Anyway, this same friend called today moments after my 2-year-old locked herself in my bedroom. Why does my door have a lock? I plead the 5th. I am ruining my chances of getting that “#1 Mom” sweatshirt for Christmas, huh?
My daughter was furious because her older brother was singing her song. Apparently she purchased the rights to “Twinkle, Twinkle, Little Star” when I wasn’t looking.

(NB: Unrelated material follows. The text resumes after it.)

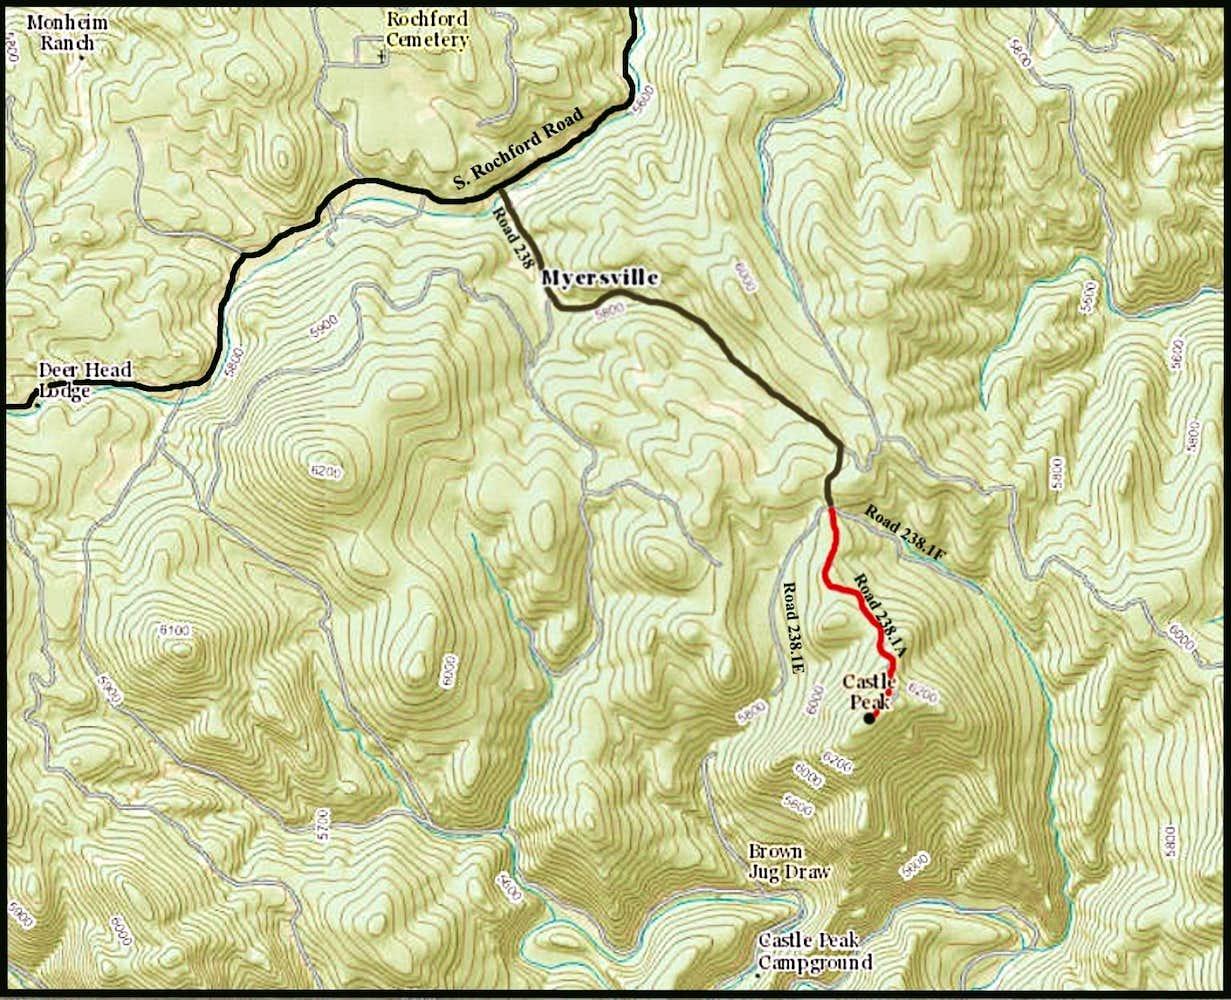 Castle Peak Trail Map : Photos, Diagrams & Topos : SummitPost on

My heart started racing the moment I realized the door was locked. I thought about going all Jackie Chan and breaking through the wood. Then, I realized 1.) I would ruin a perfectly good pedicure 2.) I would probably pull a muscle (I’m not in my 20’s anymore) 3.) She wasn’t in immediate danger. I pressed my lips against the door and in a calm Mr. Rogers-esque voice asked, “Honey, Can you open the door for Mommy?” She replied, “Nope-a, Nope-a, Nope-a.” My daughter likes to add a short “a” at the end of the word Nope. It is spoken only when she is being defiant. Well, actually she sings it to me. Pronounced Nope•uh, it really pisses me off and she knows it. I begin to turn and shake the door handle a little more aggressively. You have watched this scene in countless soap opera episodes. You know, the one where a woman comes back from the dead, is being held captive by a family member who has an evil twin and tries to escape. Anyway, she wasn’t budging, “Nope-a, Nope-a, Nope-a.” I had no choice. I could either get a screw driver and remove the door handle (which would be a major pain in my ass) or I could coerce her with false promises. “Do you want some ice cream?” “Nope-a, Nope-a, Nope-a.” I think steam was pouring out of my ears. I pounded on the door, “You open this door right now or you are not watching Dora tonight!” She started crying, stomped her feet and unlocked it. My girlfriend heard this story and said, “Man, I thought I was the only one with a crazy house.” Nope-a, Nope-a, Nope-a.